I tell her everything, and while she probably only understands about twenty percent of what I say, as usual, she’s attentive and curious.

“Oh, Vera,” she says. “Your grandma and I are so, so proud of you. You’re going places, sweetheart. You watch and see.”

Heh. I try not to think about the fact that the next place I’m going is probably right over Markov’s lap.

Double gah.

“Now, I want you to tell me about other things.”

I look up at Markov, who’s sitting on the edge of the bed, his strong, sturdy hands braced on his thighs. “Mmm?”

“You and Markov. How is our Jason Bourne?”

I look Markov straight in the eye while I respond. “He’s bossy as hell. Kind of old-fashioned, too. Thinks he knows everything. And he won’t even let me walk in our room—I mean my room—without checking to see if it’s safe first.”

My cheeks heat. I’m thankful my mom is thousands of miles away and can’t see how beet-red I am. If she caught that little blunder, she doesn’t let on.

“Of course he is.
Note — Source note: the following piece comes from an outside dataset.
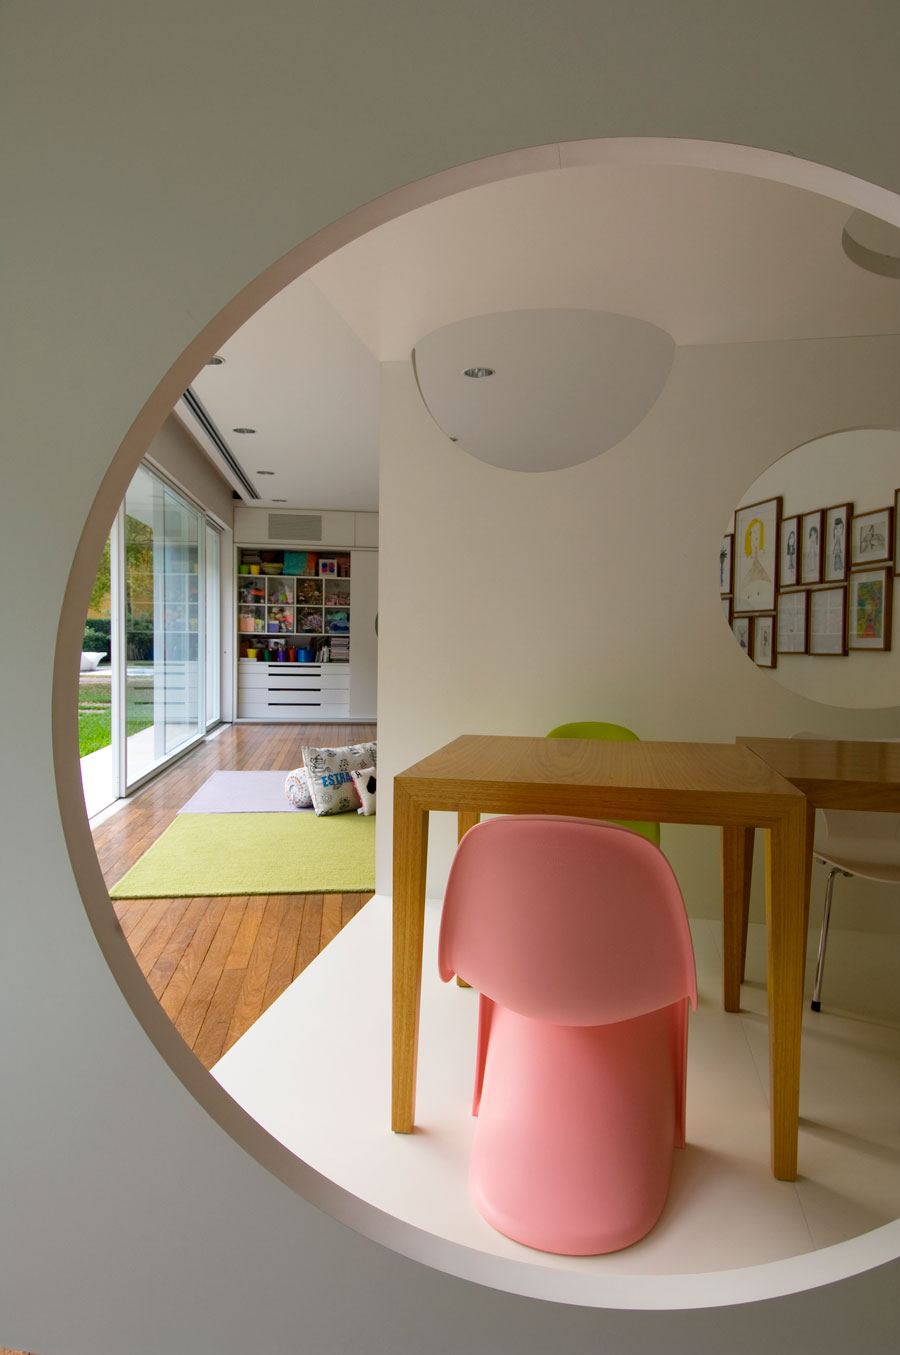 l 39 histoire de la boite dans la boite frenchyfancy 2. Black Bedroom Furniture Sets. Home Design Ideas

Men like him would be, you know. They always would be.”

I wish Markov wasn’t here right now. I’d want to talk to her. . . honestly. Woman to woman. About everything.

Mom, why am I capable and independent but crave his dominance?

How can I justify being a woman in modern-day and still allow him to tell me what to do?

How do I make peace with what my body wants and what my mind knows is right?

And most of all. . .

How can I love a man who’s forbidden for me?

But I don’t. I don’t ask her any of these things and just assure her that I’m fine.

I assure her Markov is.

I tell her I love her and that I can’t wait to come home.

“Stay close to him, sweetheart. Your father has made many mistakes in his life, you know I believe that, but appointing Markov as your bodyguard was one of his better decisions. And on that note, Vera. . . you and I need to talk.”

Why do those words never fail to incite fear in me?

“What is it? Is everything okay?”

“Yes, yes, don’t worry. It’s just that your father called. He said that there’s a benefit in Moscow this weekend, and he wants you to attend. Now, I know how you feel about him⁠—”

“No, Mom. We had dinner with him recently, and it was a disaster. Ugh. I hated being around him. He is so full of himself! Besides, I don’t have time to go to a benefit.”

I feel guilty hearing her sigh on the other end of the phone.